OBJECTIVES

Acute myeloid leukemia (AML) has the lowest survival rate among leukemias that occur in adults and delays in access to new drugs by AML patients further reduces the likelihood of survival. The review focuses on identifying the potential reasons for this delay in Europe and Canada, and ways to speed up the process.

METHODS

Relevant grey literature on regulatory approvals and Health Technology Assessment (HTA) process of new drugs in Europe and Canada were searched. We selected papers that followed the journey of a new drug through the approval process and identified reasons for the delay in patient access to drugs for AML treatment.

RESULTS

In Europe, it takes 245 days by the European Medicine Agency (EMA) for market authorization and 318 days on an average across all European countries for HTA recommendations and market access. In contrast, it takes 225 days to receive regulatory approval from Health Canada and 149 days for the Canadian Agency for Drugs and Technologies in Health (CADTH) pan-Canadian Oncology Drug Review (pCODR) process (except for Quebec).

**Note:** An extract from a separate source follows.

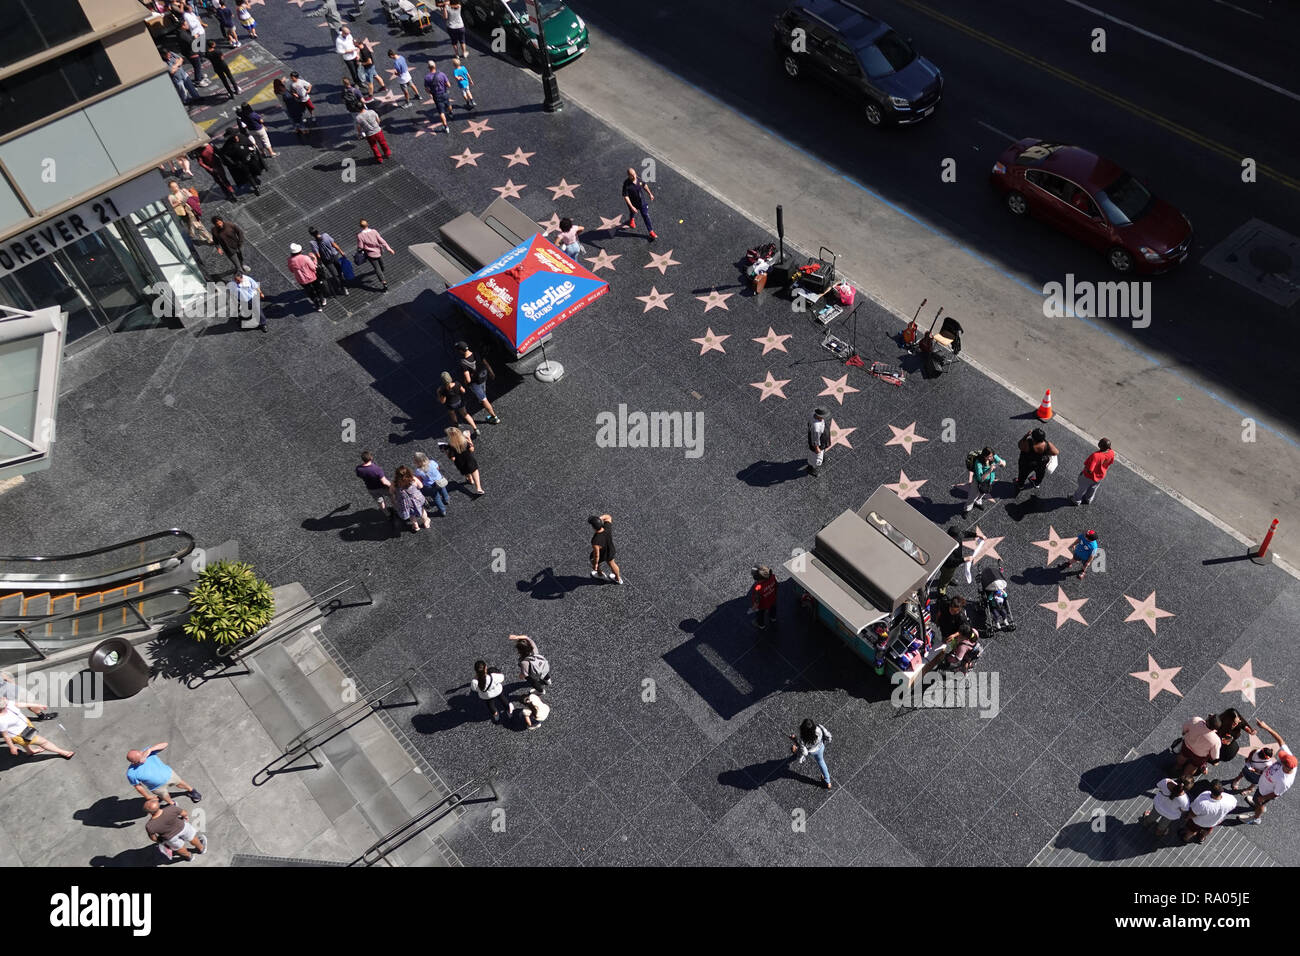 Los Angeles, CA/USA, Sept. 29, 2018: The Hollywood Walk of Fame in Hollywood und Highland Center befindet sich in einer erhöhten Ansicht während des Tages dargestellt. Stockfoto

Furthermore, it takes 273 days for price negotiations by the pan-Canadian Pharmaceutical Alliance (pCPA) and 67 days for provincial formulary listings.

It is observed that HTA dossier submitted with clinical evidence generated using a shorter trial period doesn’t capture long-term clinical efficacy data required by HTA authorities, resulting in re-submission of application with additional evidence. Also, due to the use of international reference pricing for new drugs, pharmaceutical companies sometimes delay the submission of drug applications until they get initial approval in a higher-priced market.

CONCLUSIONS

Inefficiencies in patient access to innovative drugs affect patient survival and have adverse health consequences. Efforts and initiatives on part of drug manufacturers and government, such as a targeted timeline for review and a centralized drug listing would help to expedite access to AML drugs.